We had survived the hardest years of our startup. They had sworn they would never marry anyone but me. And now, they were using Alex as a weapon to destroy me.
"I just need to use the restroom," I gasped, the pain in my stomach twisting into sharp cramps. I was doubled over, barely able to speak, leaning against the wall for support.
A female colleague was the first to notice something was seriously wrong. She stood up to help me.
Isabelle shoved her away. "Don't touch him." She sneered at me. "Is this how you do it, Simon? Drink a little, then play the weak, vulnerable man to win over your female clients?"
The colleague who had tried to help me blushed with embarrassment. "Isabelle, I think you're mistaken. He really doesn't look well."
Olivia let out a derisive laugh. "He knows he's made a fool of himself. This is all an act."

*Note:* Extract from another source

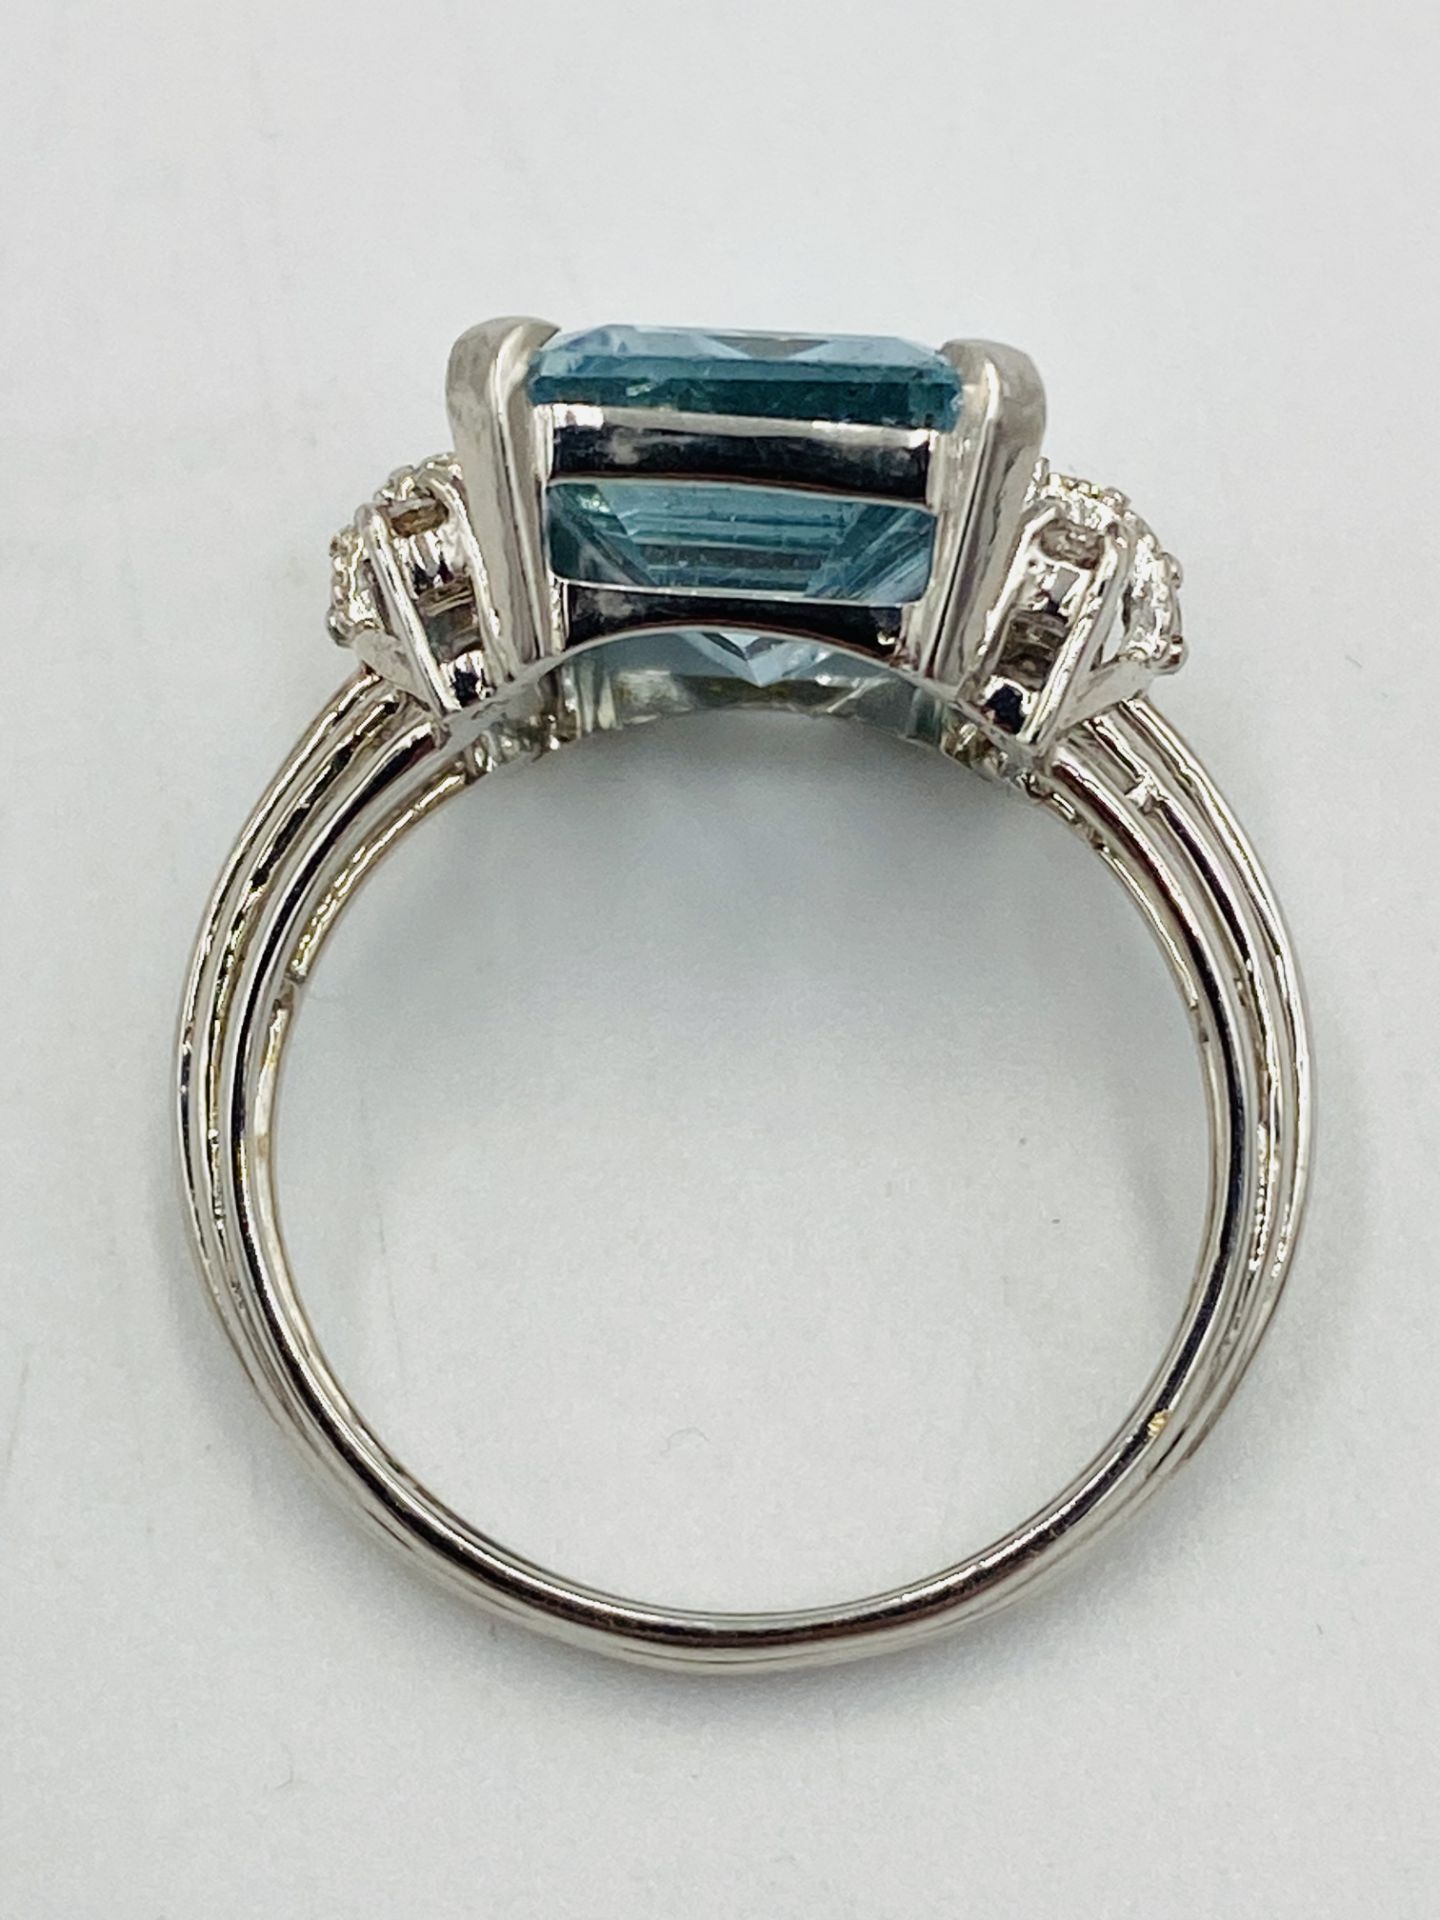 18ct white gold, aquamarine and diamond ring - Image 2 of 5

I couldn't blame her for not believing me. For years, no matter how sick I felt from drinking, I had always pushed through it. This was the path I chose.
I had embraced the struggle of building something from nothing, thrived on the sense of accomplishment. In their eyes, I was invincible.
Alex, having enjoyed the show long enough, now stepped forward with a glass of hot water, a look of faux concern on his face. "Mr. Davies, no matter how you landed the contract, you're a hero to this company. We're all grateful for your contribution."
His words were gasoline on a fire.
Isabelle, who had been supporting me, abruptly let go, as if I were something unclean. "If you don't want to be here, then just go home." She then walked over to the restroom and began vigorously washing her hands.
Under the contemptuous glares of everyone at the table, I clutched my stomach and turned to leave.
But Alex stopped me. As he grabbed my arm, the scalding water from the glass he was holding splashed onto both of our hands. I recoiled instinctively, pushing him away.
Olivia shot up from her seat, yelling for a waiter to bring an ice pack for Alex. She didn't seem to notice that the majority of the hot water had landed on me. Alex had a small red patch on his hand. The back of my hand was completely scalded.
Isabelle came out of the restroom, saw Alex on the verge of tears, and her anger finally boiled over.